「今日は餃子だからね!」
息子が元気なさそうなときには、いつもこう声をかける。すると、ただそっけなく「そう」と答えるだけだが、その顔に一瞬笑みを浮かべる。それが見たくて、私は餃子を作る。
最近残業などで帰りの遅い27歳の次女も、夕食が餃子だとわかると、「やったあ」と歓声をあげてくれる。今年30歳になる長女は、一昨年から高円寺で一人暮らしをはじめた。年に3、4回くらいしかわが家に帰ってこないが、帰るときには、いつも「パパ、餃子お願いね」と電話をしてくる。毎週お茶の稽古にでかける妻に、「今日餃子作っておくからね」と声をかけると、「まあうれしい、助かるわ」という。私は妻に感謝されることが一番うれしい。
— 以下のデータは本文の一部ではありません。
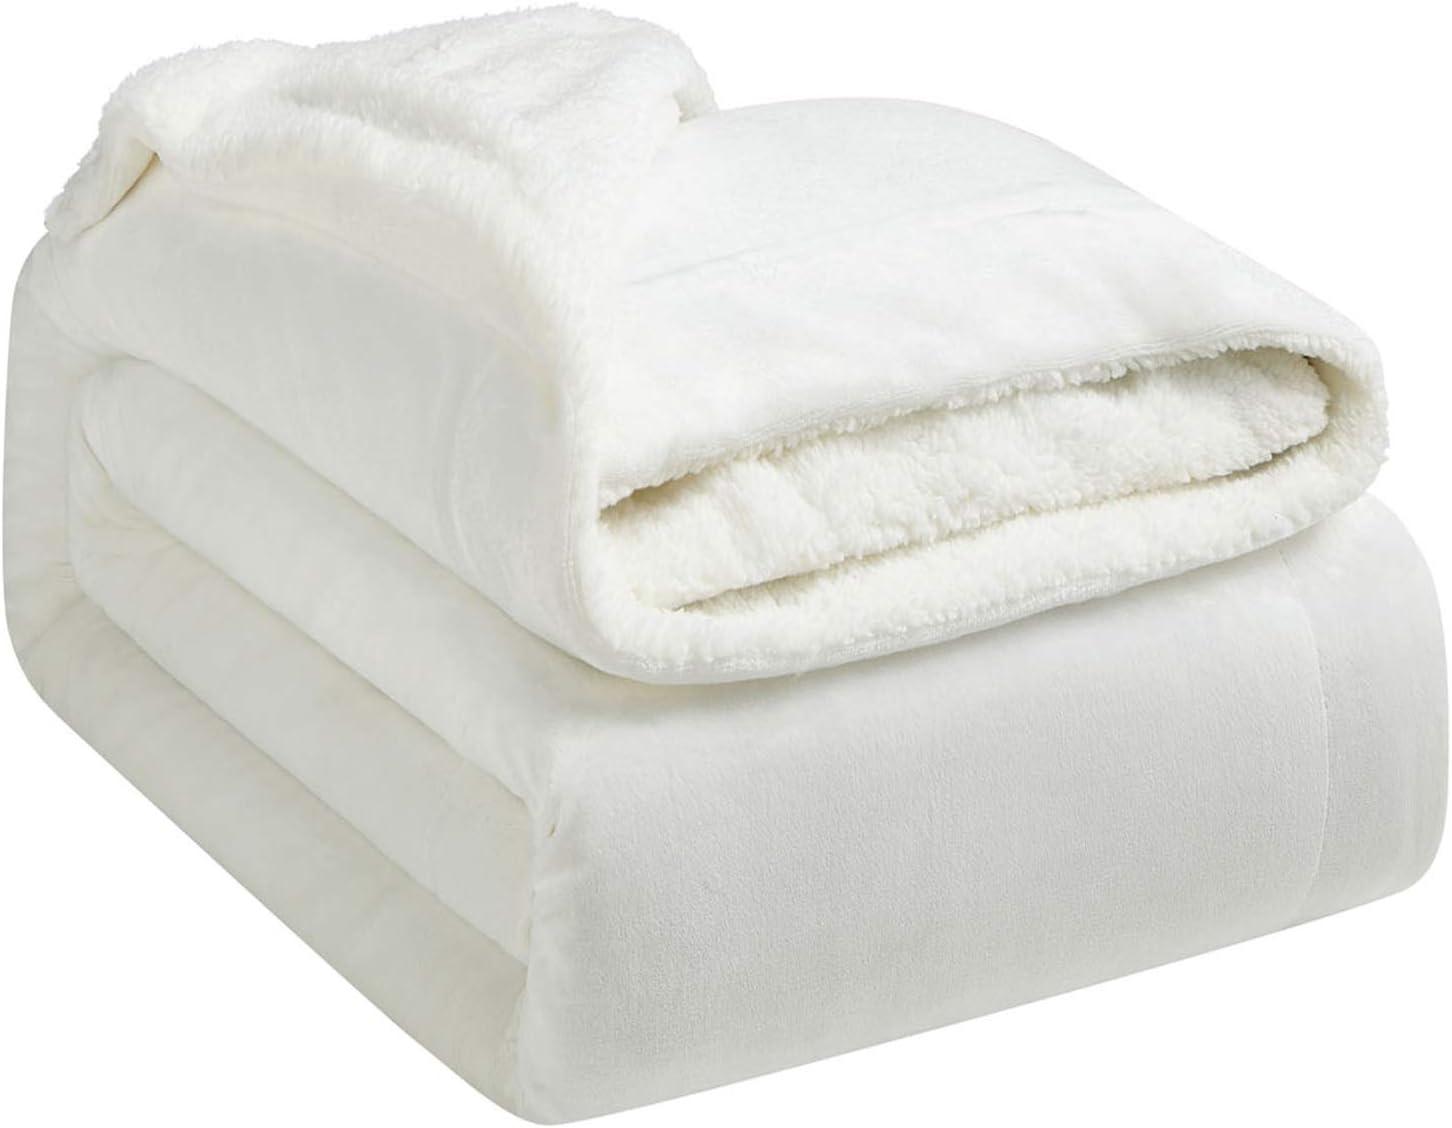 Hansleep Manta Reversible de Franela Sherpa, 220x240 cm Manta Polar para Sofá Cama, 100% Microfibra Cepillada Extra Suave Transpirable - Mantas de Pelo Cálida Acogedor, Blanco
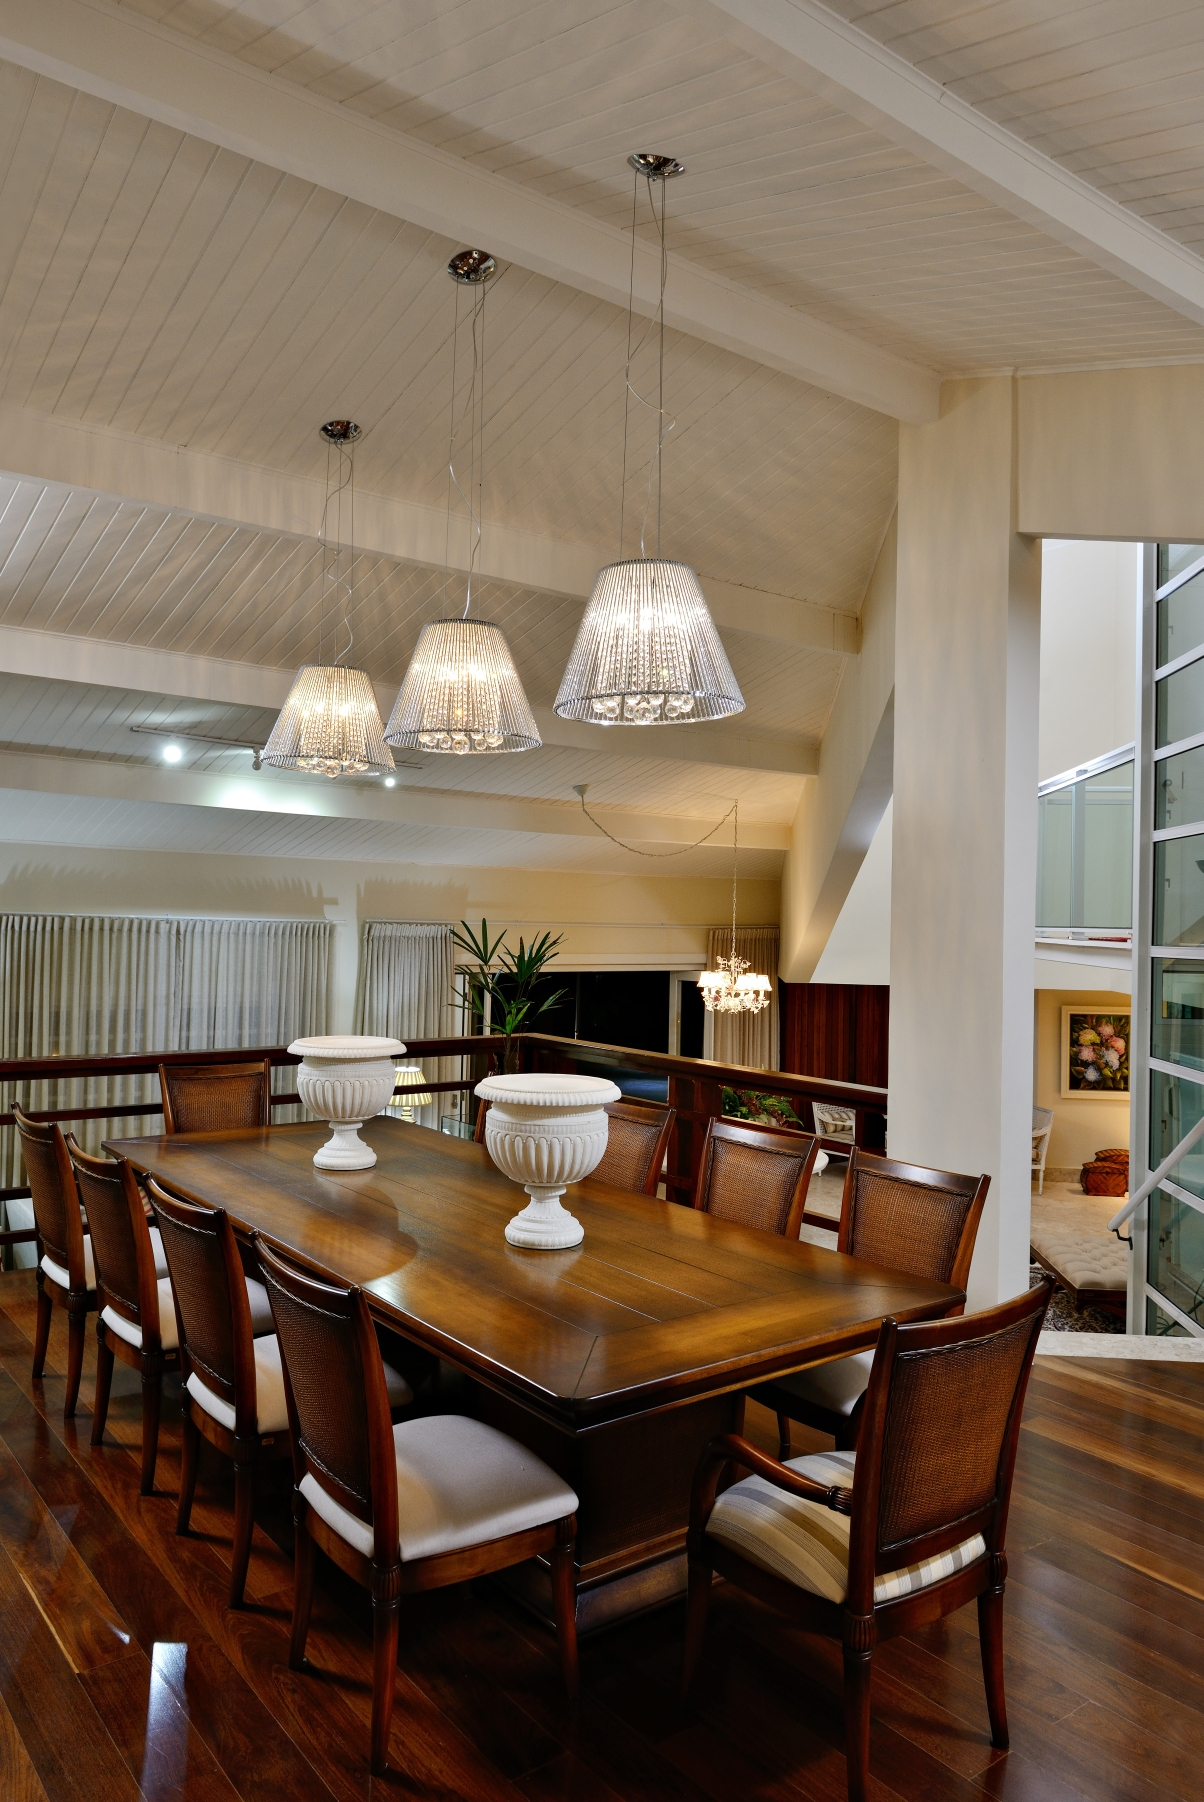 Sala de Jantar com lustre triplo

私の餃子は、中身が硬くこりこりしている。たっぷりの肉、にら、竹の子、しいたけ、チーズだけしか入れないからだ。どうしても欠かせないのはチーズだ。チーズとしょうゆ、甘酢が絶妙なハーモニーを作るらしい。
焼き立てを一心に頰張っている家族の顔を見るとき、私はこの世で一番の幸せを感じる。そして、私が死んだとき、「もう一度、父さんの餃子を食べたいね」と、子供たちがきっと言ってくれるだろう。私の家族は、餃子でつながっているのだ。